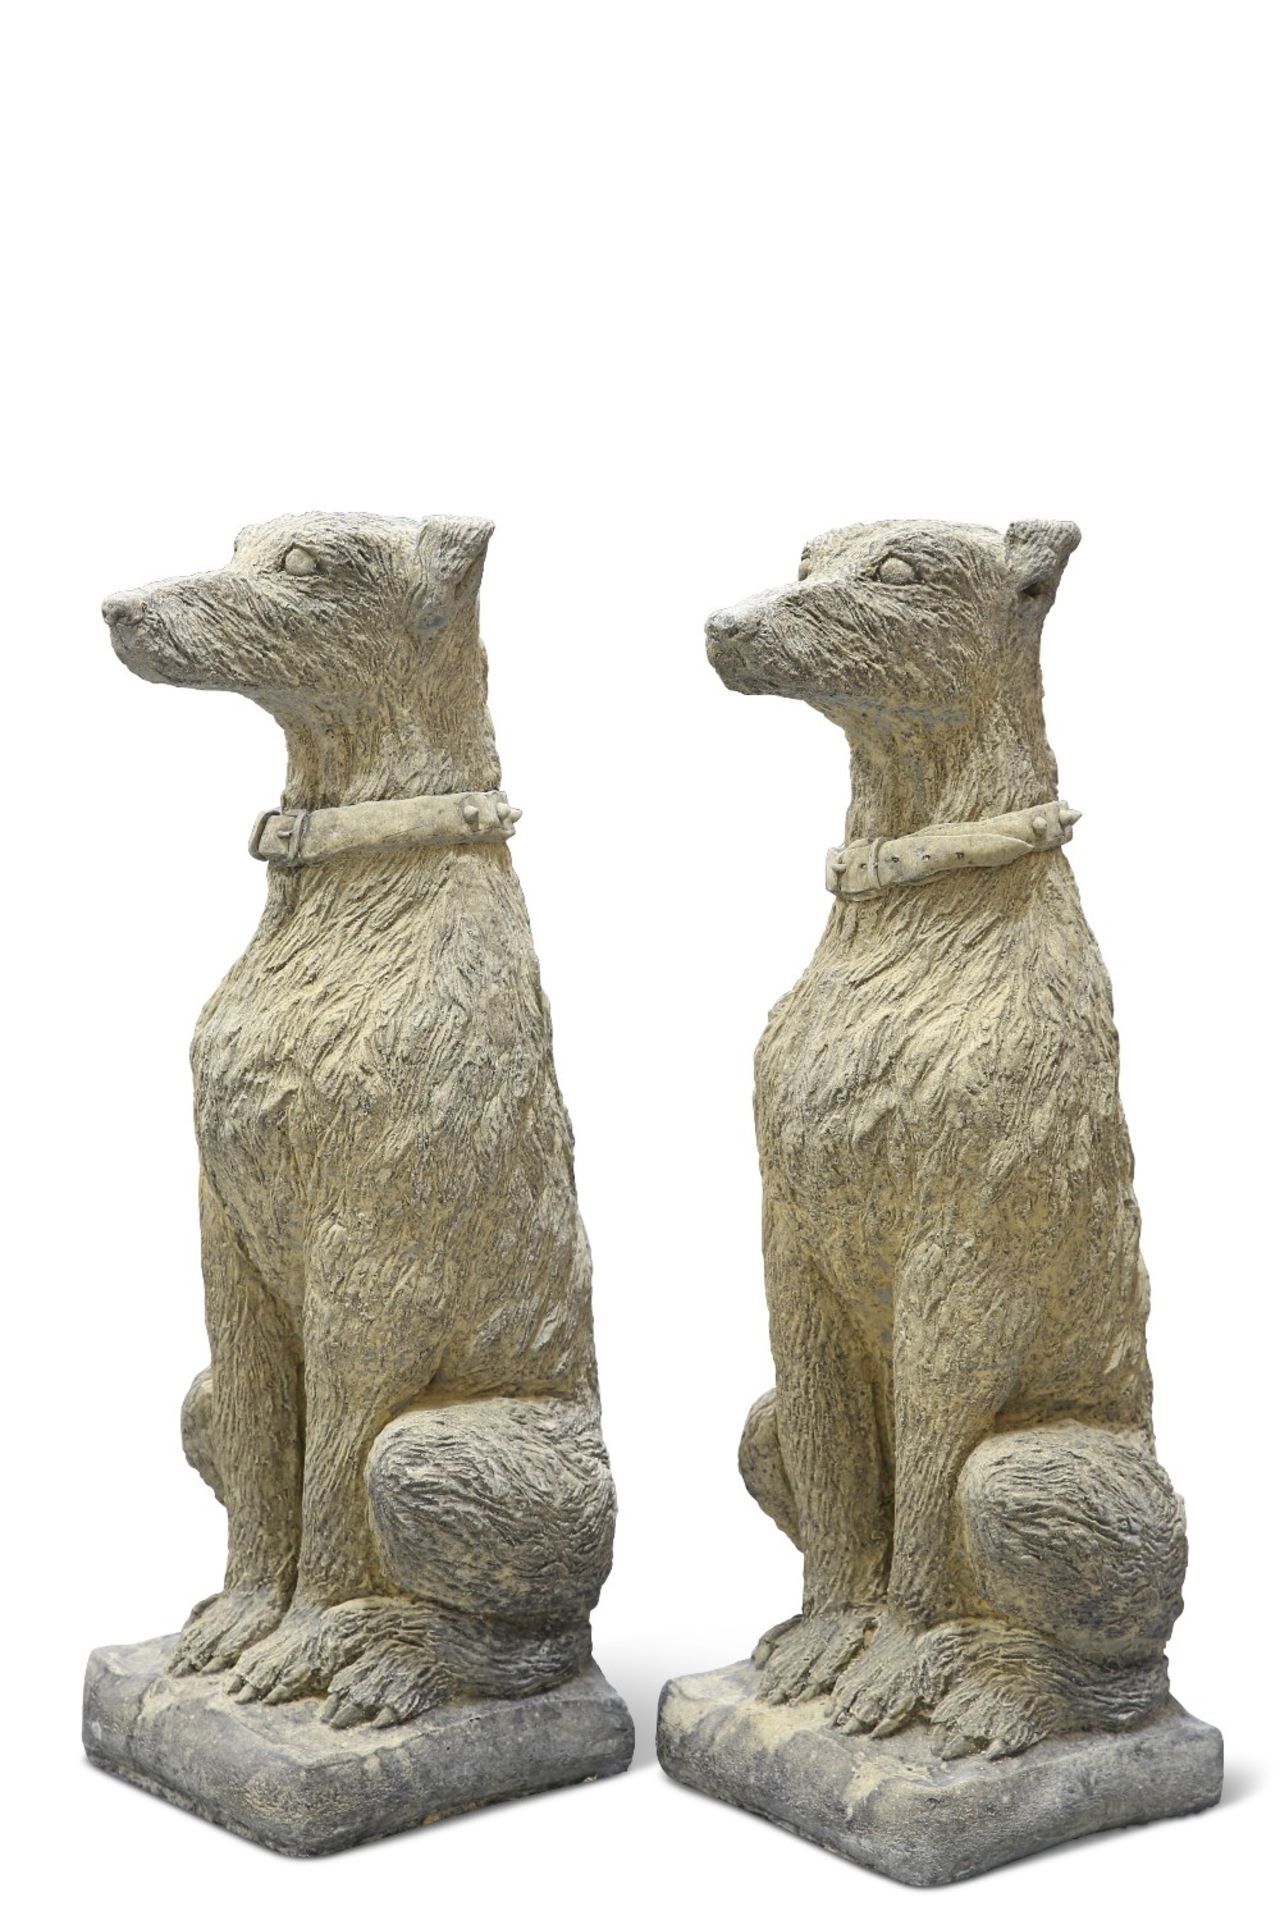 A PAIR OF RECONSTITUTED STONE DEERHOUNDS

* * *

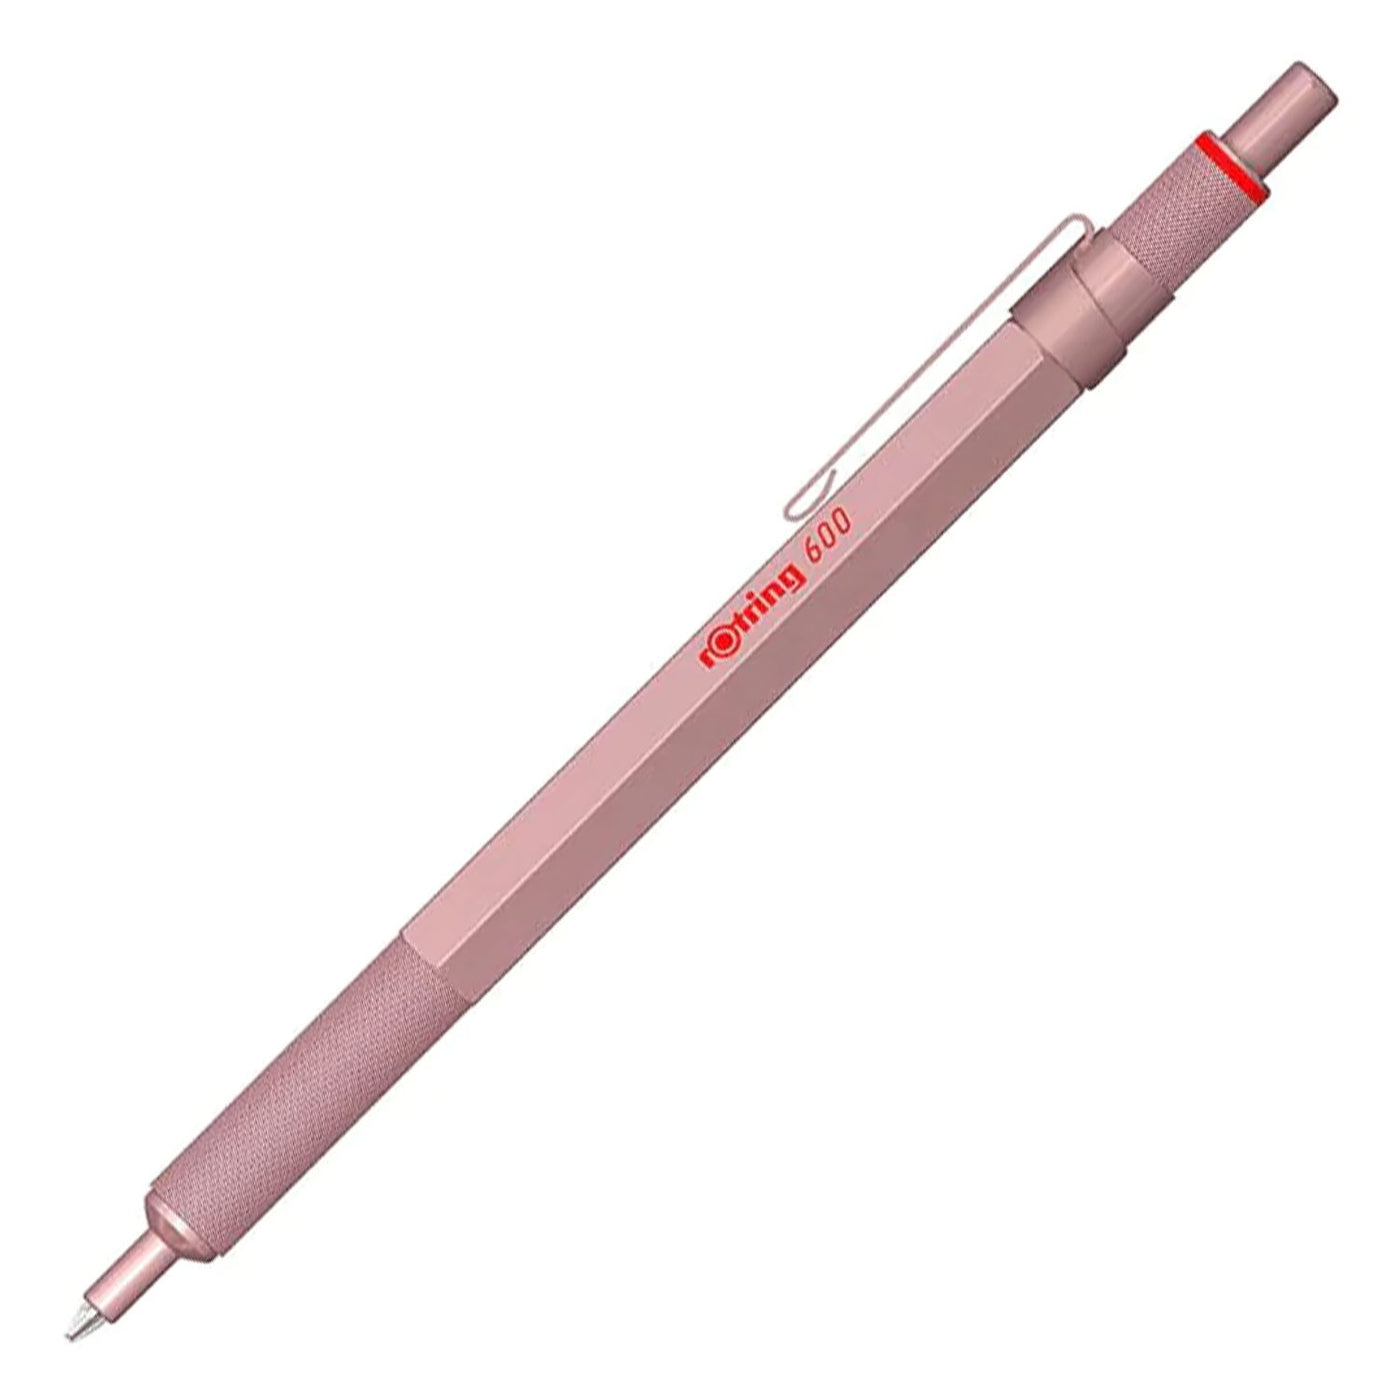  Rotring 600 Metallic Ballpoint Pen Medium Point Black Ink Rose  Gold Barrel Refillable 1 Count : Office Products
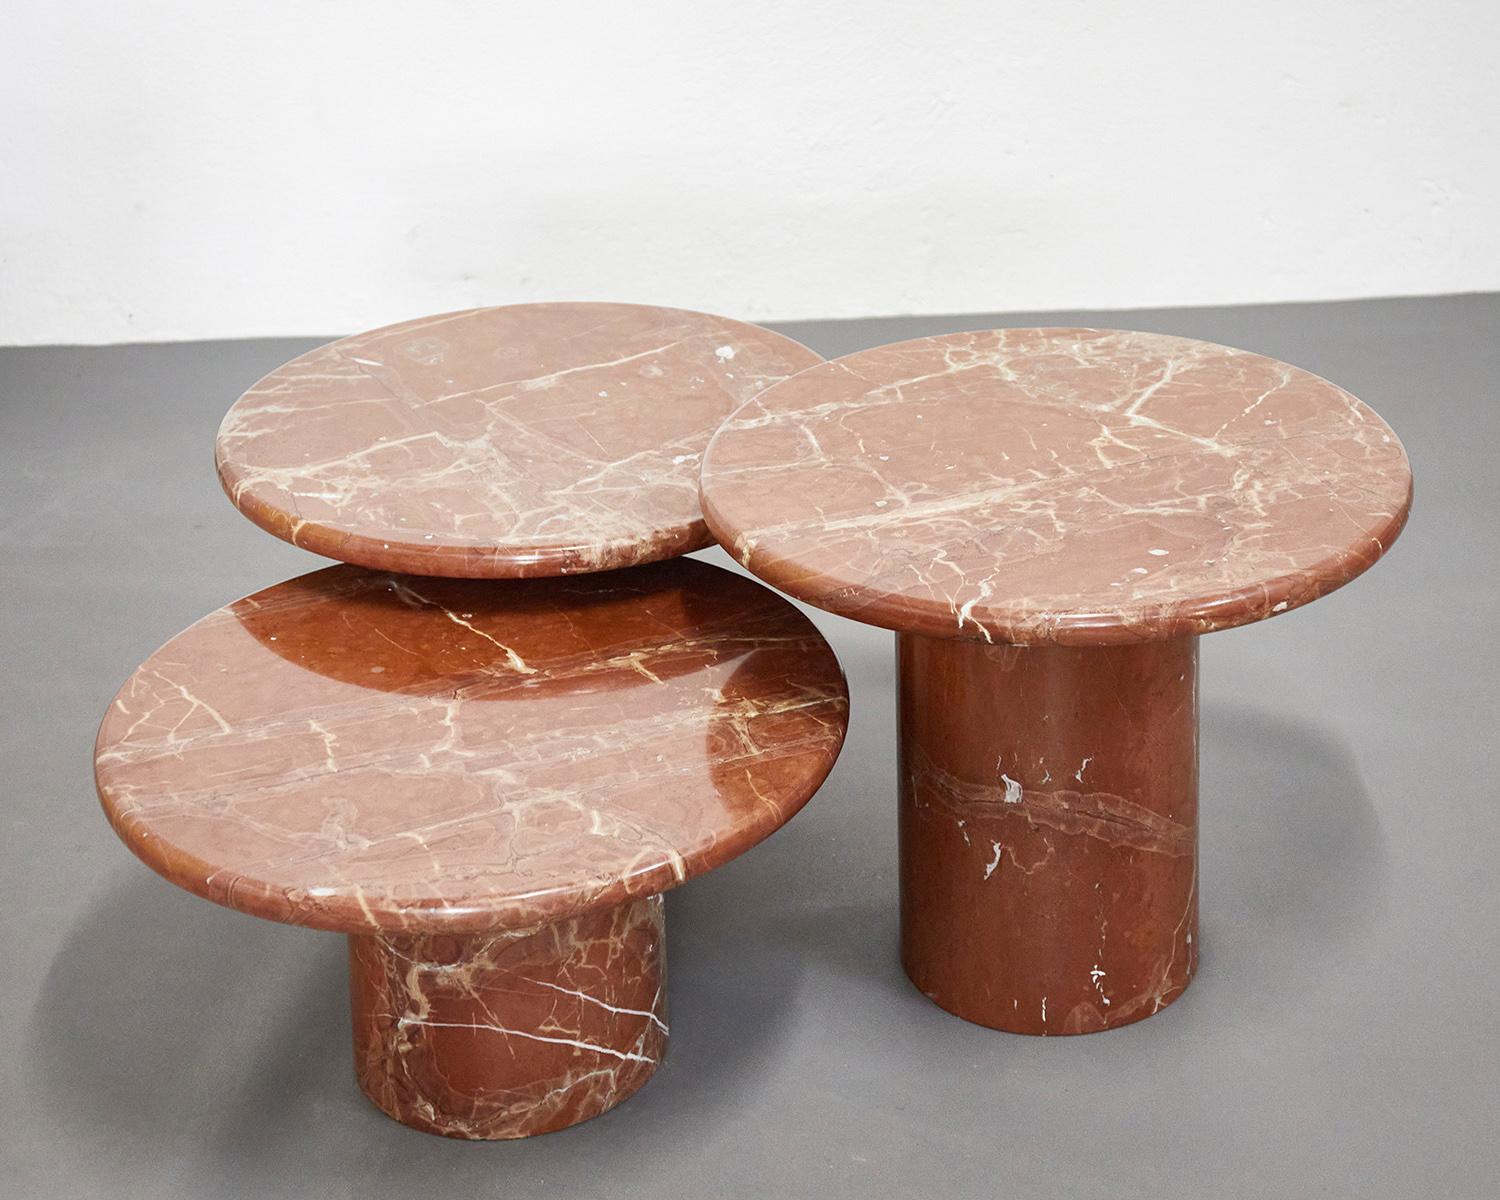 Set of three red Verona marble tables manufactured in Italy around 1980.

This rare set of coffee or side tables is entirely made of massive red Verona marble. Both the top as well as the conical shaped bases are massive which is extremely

EXERCISE DIRECTIONS
Print the line above containing "Rotring 600 Metallic", the line containing "This rare set", and everything between them, exactly as written. Pictures stay out.

OUTPUT OF THE TASK
  Rotring 600 Metallic Ballpoint Pen Medium Point Black Ink Rose  Gold Barrel Refillable 1 Count : Office Products
 Set of three red Verona marble tables manufactured in Italy around 1980.

This rare set of coffee or side tables is entirely made of massive red Verona marble. Both the top as well as the conical shaped bases are massive which is extremely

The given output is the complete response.